__GIVEN INFORMATION__.
◇ ◇ ◇ ◇ ◇ ◇ ◇

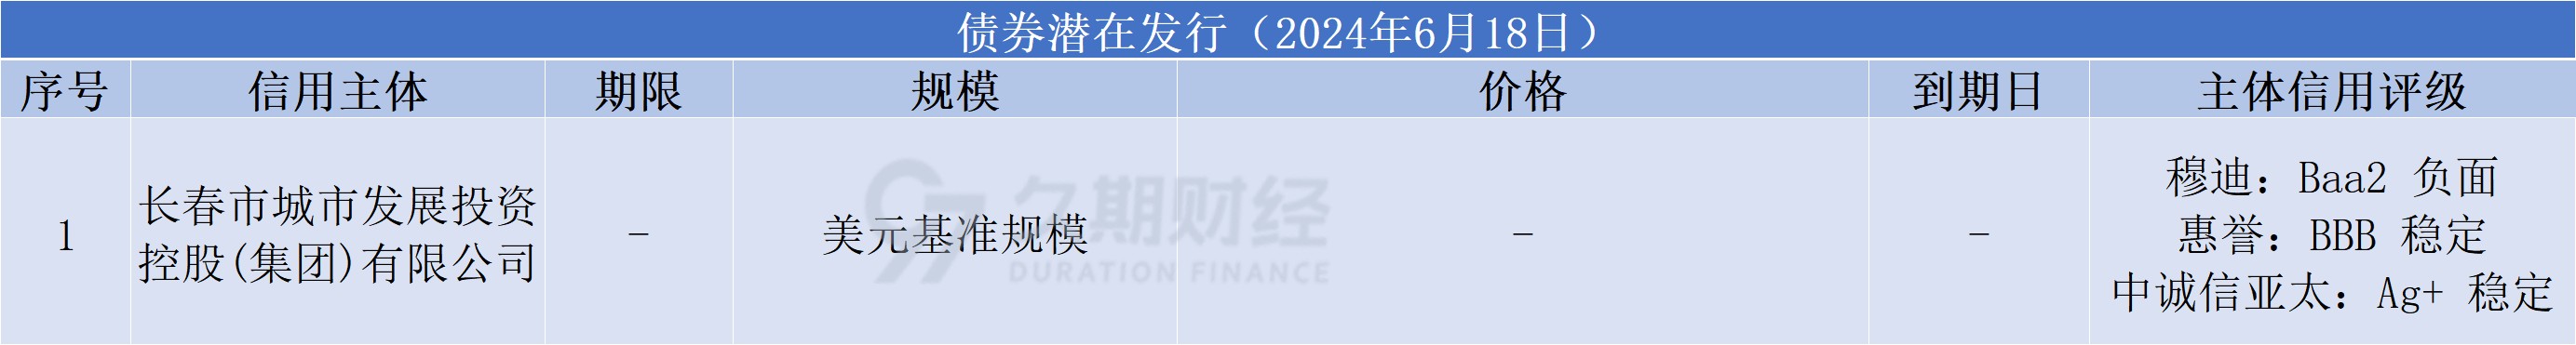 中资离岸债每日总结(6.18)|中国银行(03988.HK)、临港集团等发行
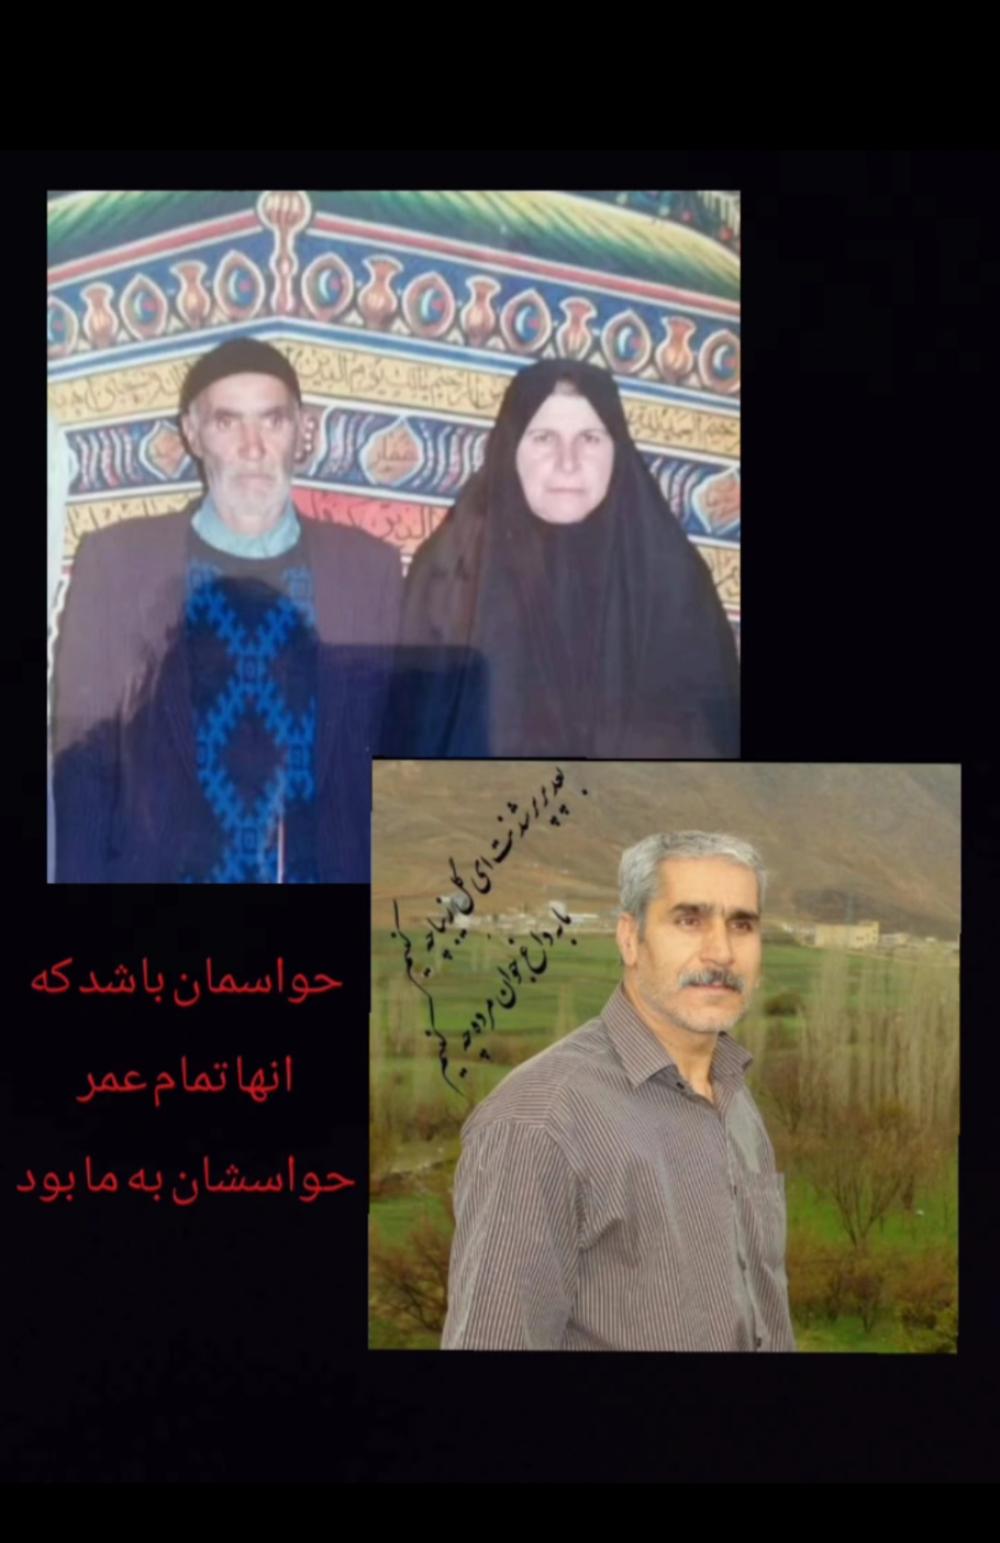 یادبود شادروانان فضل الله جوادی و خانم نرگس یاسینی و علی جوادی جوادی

◇ ◇ ◇ ◇ ◇ ◇ ◇

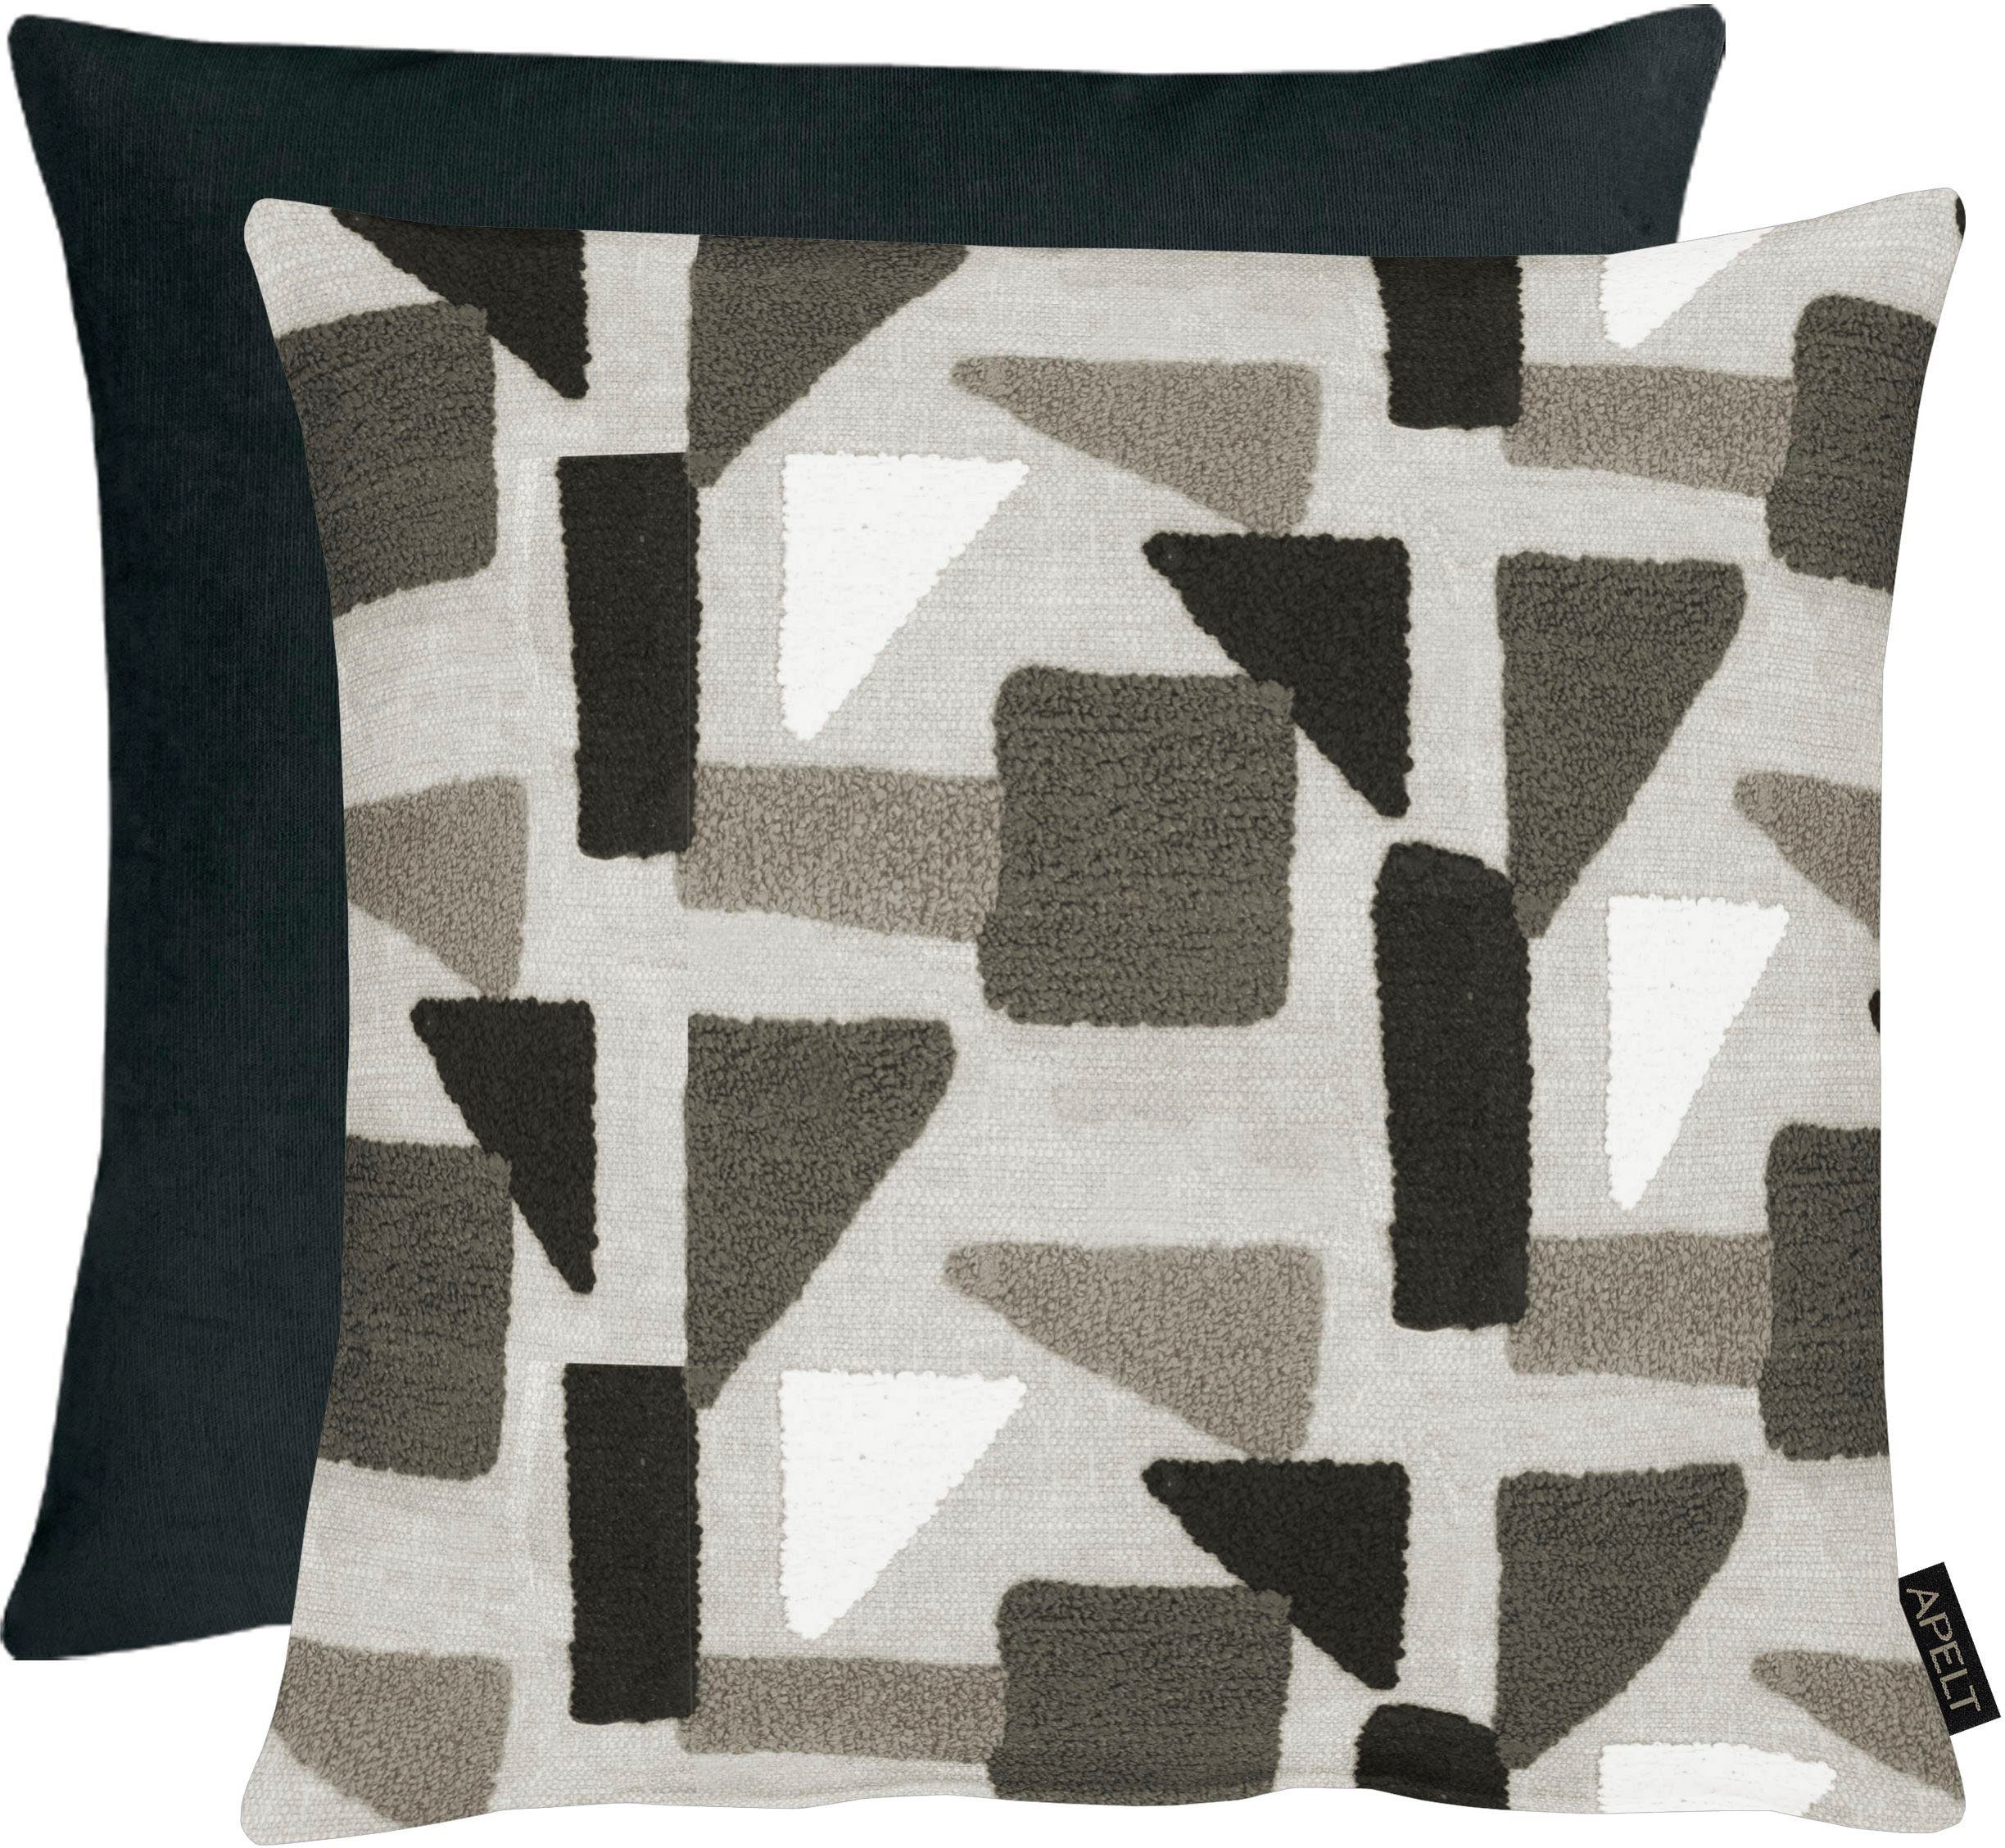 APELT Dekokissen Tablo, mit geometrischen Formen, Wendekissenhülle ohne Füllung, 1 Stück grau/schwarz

◇ ◇ ◇ ◇ ◇ ◇ ◇

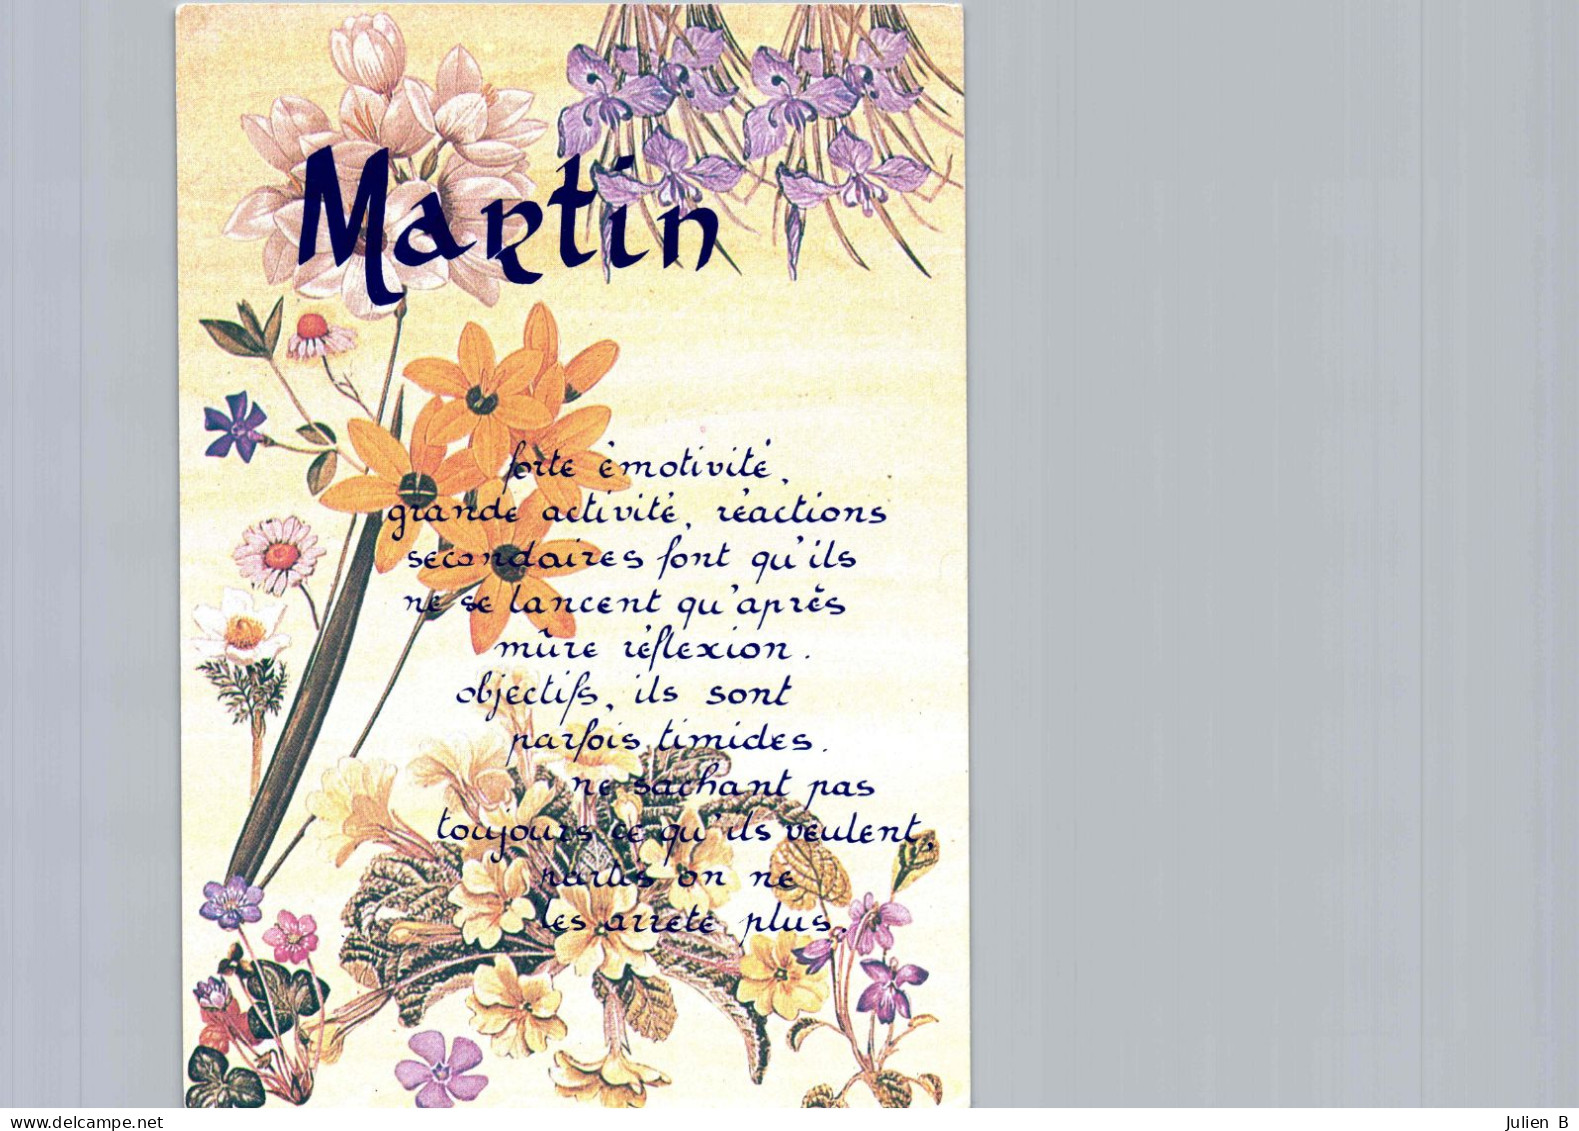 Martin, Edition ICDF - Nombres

◇ ◇ ◇ ◇ ◇ ◇ ◇

Within the listing above, the stretch from the line with "中资离岸债每日总结(6.18)|中国银行(03988.HK)、临港集团等发行" down to the line with "یادبود شادروانان فضل" is to be given again exactly, end lines included and pictures excluded.

__SOLVED EXERCISE__.
 中资离岸债每日总结(6.18)|中国银行(03988.HK)、临港集团等发行
 یادبود شادروانان فضل الله جوادی و خانم نرگس یاسینی و علی جوادی جوادی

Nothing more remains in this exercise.